My PC is with AMD Ryzen 5 3600X, with 6 cores, no GPU. I trained my tabular regression in colab and I’m running the trained model in my pc. And it is slow. What make it even slower is the fact I found that it only use about 1/20 of the total CPU time. My code is like following:
for i in range(cnt):
print("learner ", i , " : ", process_time() - start, time()-start1)
res.append(learn_opt[i].get_preds()
Hi jerron hope all is well!
You will have to search for possible bottlenecks in all of your system that is used to produce this line of code.
res.append(learn_opt[i].get_preds()
e.g. which part of your system is actually causing the delay, if it is disk access time trying to improve CPU utility won’t make a difference, changing from a slow hard disk to an ssd or running all the code in ram would make a difference.

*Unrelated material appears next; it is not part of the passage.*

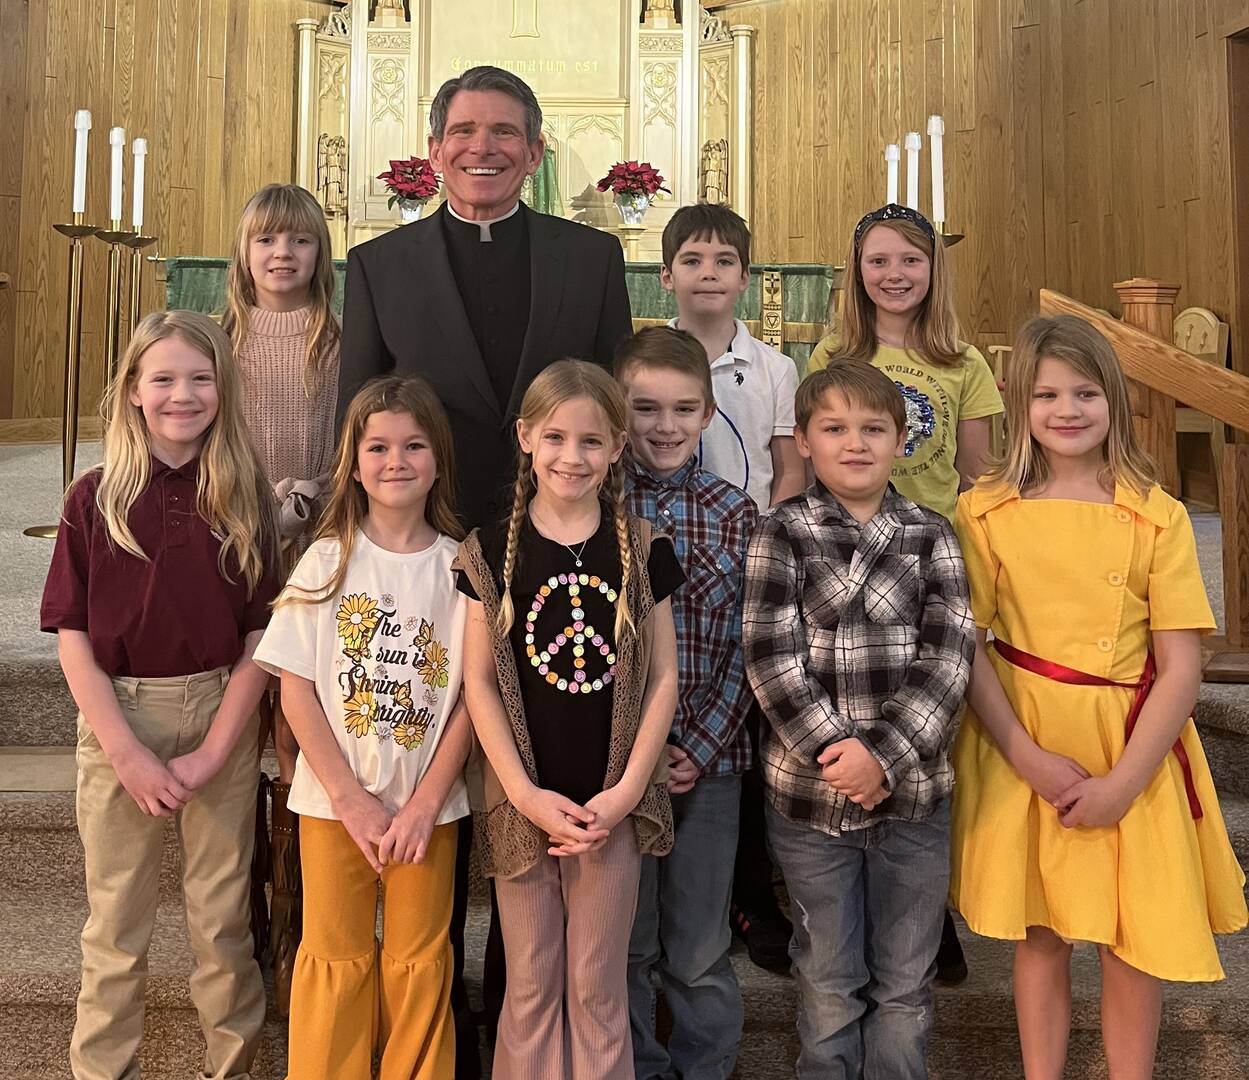 The Rev. Terrance Klein with second grade students who recently celebrated their first confession.

The links below show two possible approaches to speeding up your code.
The learner is a fastai.tabular.tabular_learner. There should be no I/O bottleneck, purely calculation in memory, because I didn’t see any increased disk or network activities change in the Performance monitor from the Task Manager. When the calculation started, the CPU level increased to 25% from 10%%, memory increased to 45% from 40%, disk stayed at 0% or 1%, network stayed the same.
As @s.s.o change your used batch size. Use as large of one as your CPU can handle, this is how you use more. Tabular NN’s are tiny so you can send them large amounts of data with only a small overhead, especially on inference since we’re not storing gradients
I tried res.append(learn_opt[i].get_preds(ds_type=DatasetType.Valid,n_batch=100)) and res.append(learn_opt[i].get_preds(ds_type=DatasetType.Valid,n_batch=500)) and didn’t notice differences. What value would be good? There are 200 entries in prediction.